One of the major challenges faced by biologists is how to identify the relation between highly divergent protein sequences. In general, when pairwise sequence identity between protein sequences fall below the 25% identity, statistical measurements do not clearly identify phylogenetic relations, structural features or protein functions. GDDA-BLAST (Gestalt Domain Detection Algorithm - Basic Local Alignment Search Tool), was originally designed to address these challenges but due to the length of protein sequences and the need to insert “seed” information at every position of the query sequence, it was prohibitive in nature.

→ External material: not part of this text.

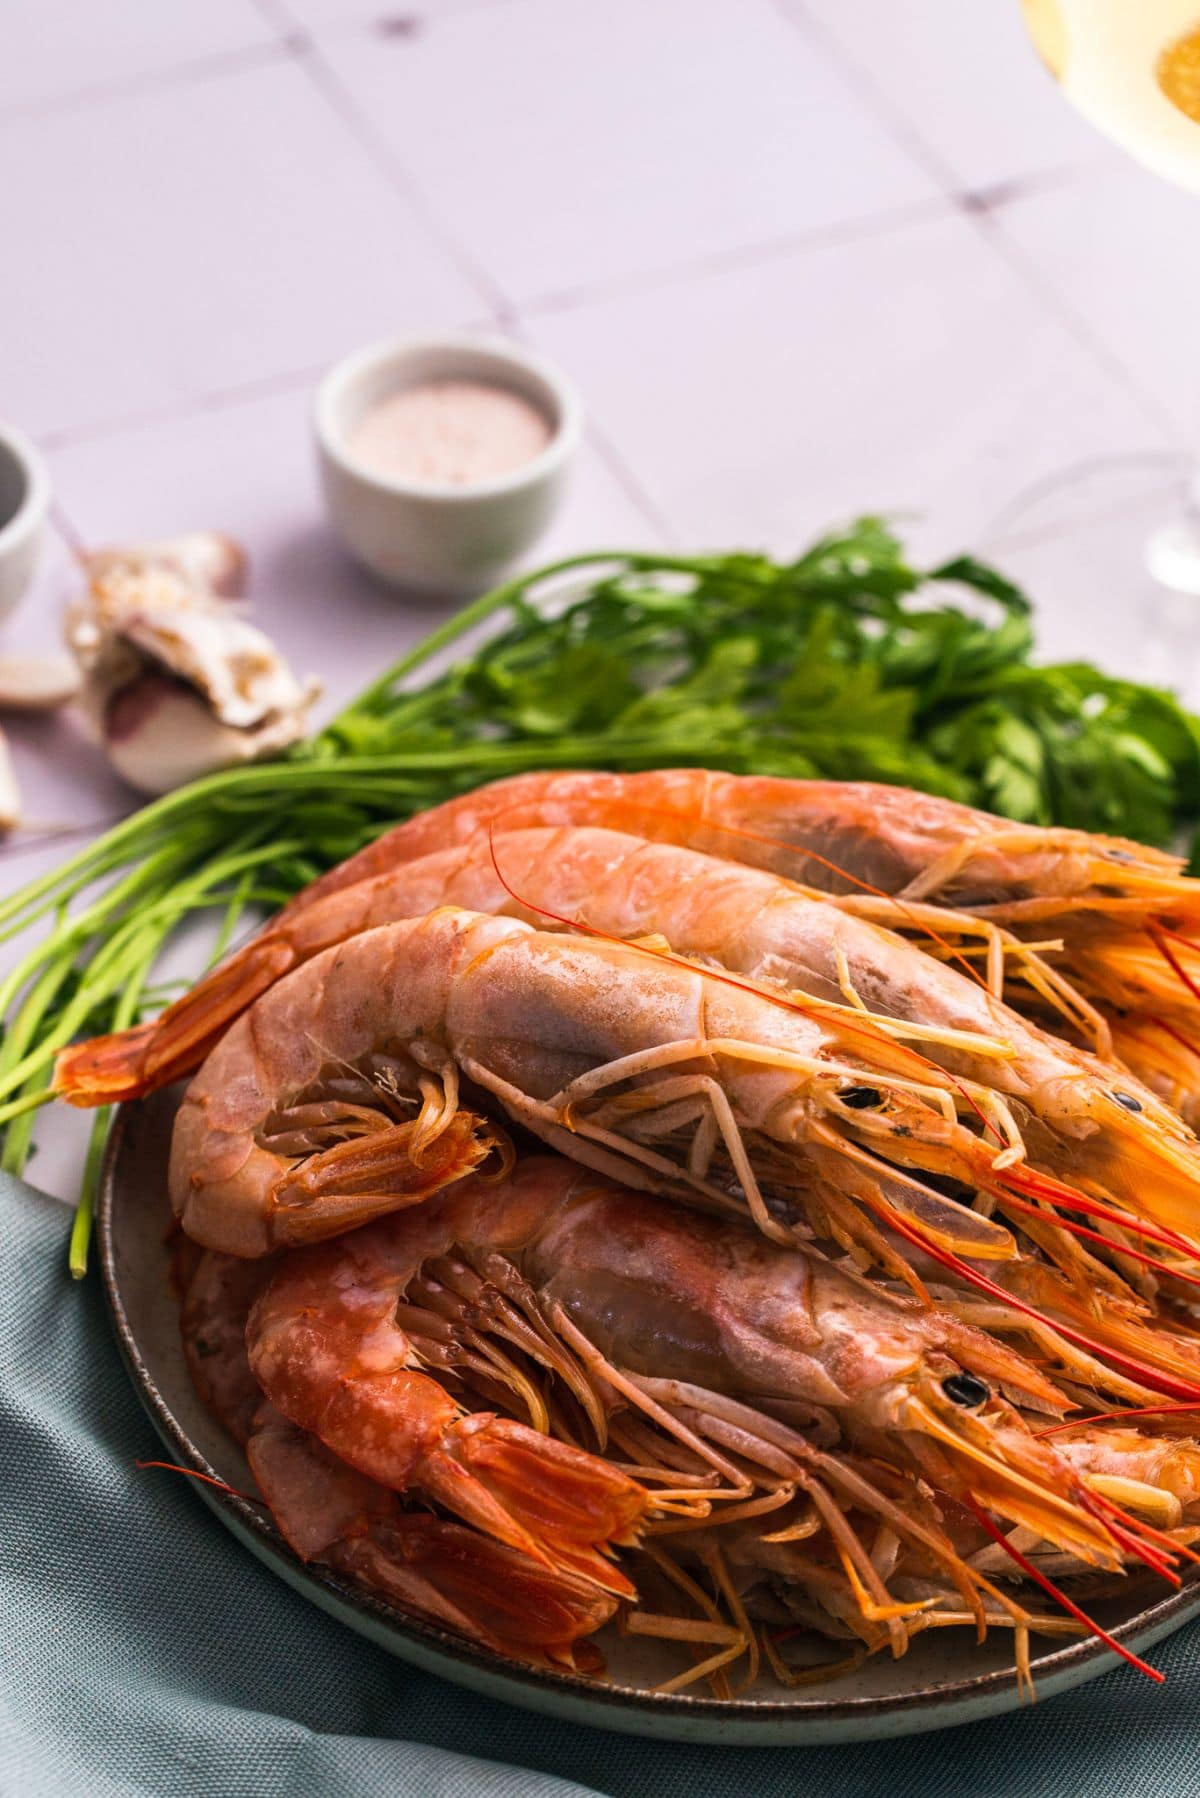 How to cook shrimp ingredients

Adaptive GDDA-BLAST works 19 times faster by exploiting similarities among embedded sequences. Instead of inserting a seed into every position of a query sequence, Adaptive GDDA-BLAST embeds a seed at the query positions where the seed is likely to be extended to an alignment. Costly computations are thus avoided.
The researchers believe that the alignment information that can be discovered using this method will have broad impacts on human health and disease, as well as basic science endeavours. In addition, the theories behind these algorithms are also likely to have applications in other fields that use pattern-based prediction algorithms.
The research team included Damian van Rossum, Director of the Center for Comparative Proteomics, and his colleague at the Center, Yoojin Hong. It was partially funded by the Huck Institutes.